Red eye, moderate-to-severe ocular pain, photophobia, decreased vision, discharge, and acute contact lens intolerance.

(See Figure 4.12.1.)

Figure 4.12.1: Bacterial keratitis.

Critical

Focal white opacity (infiltrate) in the corneal stroma associated with an epithelial defect and underlying stromal thinning/tissue loss.

NOTE An examiner using a slit beam cannot see clearly through an infiltrate or ulcer to the iris, whereas stromal edema or mild anterior stromal scars are more transparent.

Other

Epithelial defect, mucopurulent discharge, stromal edema, folds in Descemet membrane, anterior chamber reaction, endothelial fibrin/cell deposition with or without hypopyon formation (which, in the absence of globe perforation, usually represents sterile inflammation), conjunctival injection, upper eyelid edema. Posterior synechiae, hyphema, and increased IOP may occur in severe cases.

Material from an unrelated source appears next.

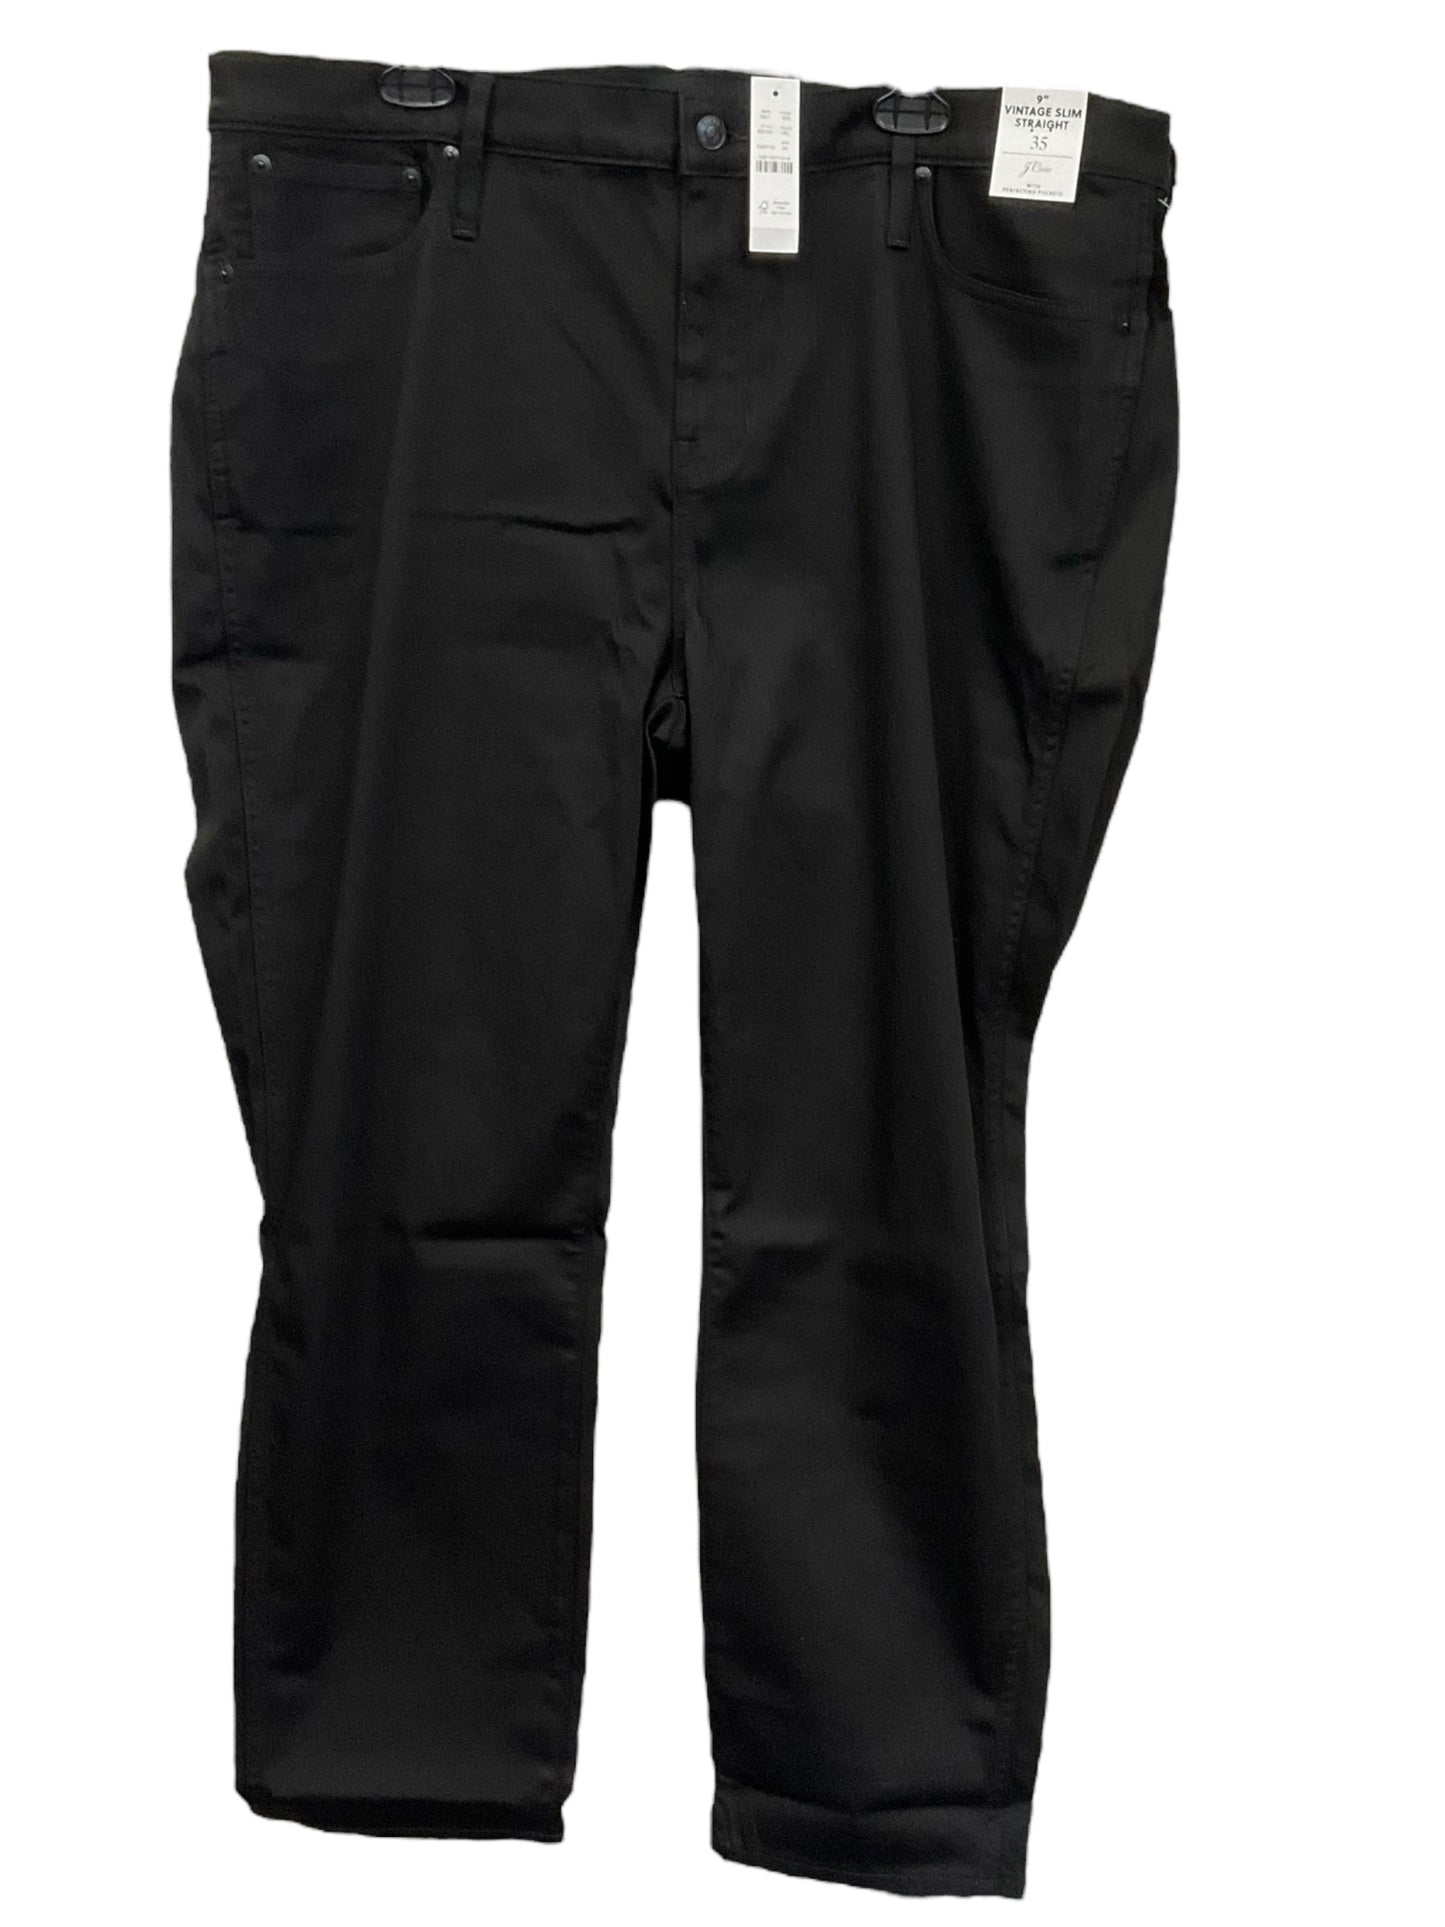 Black Pants Other Gap, Size 20

• Fungal: Must be considered after any traumatic corneal injury, particularly from vegetable matter (e.g., a tree branch), which may lead to filamentous fungal keratitis. Contact lens wear is another risk factor. Infiltrates commonly have feathery borders and/or may be surrounded by satellite lesions. Candida infections more frequently occur in eyes with preexisting ocular surface disease and may mimic the clinical picture of bacterial ulcers. See 4.13, Fungal Keratitis.

• Acanthamoeba: This protozoan classically causes an extremely painful keratitis and/or stromal infiltrate; is associated with perineural invasion. It usually occurs in daily-wear soft contact lens wearers who may or may not practice poor lens hygiene. History of trauma or history of swimming and/or hot tubbing while wearing contact lenses may be elicited. In the early stages, the epithelial abnormality may look more like HSV keratitis than a bacterial ulcer. In the late stages (3 to 8 weeks), the infiltrate often becomes ring shaped. See 4.14, Acanthamoeba Keratitis. 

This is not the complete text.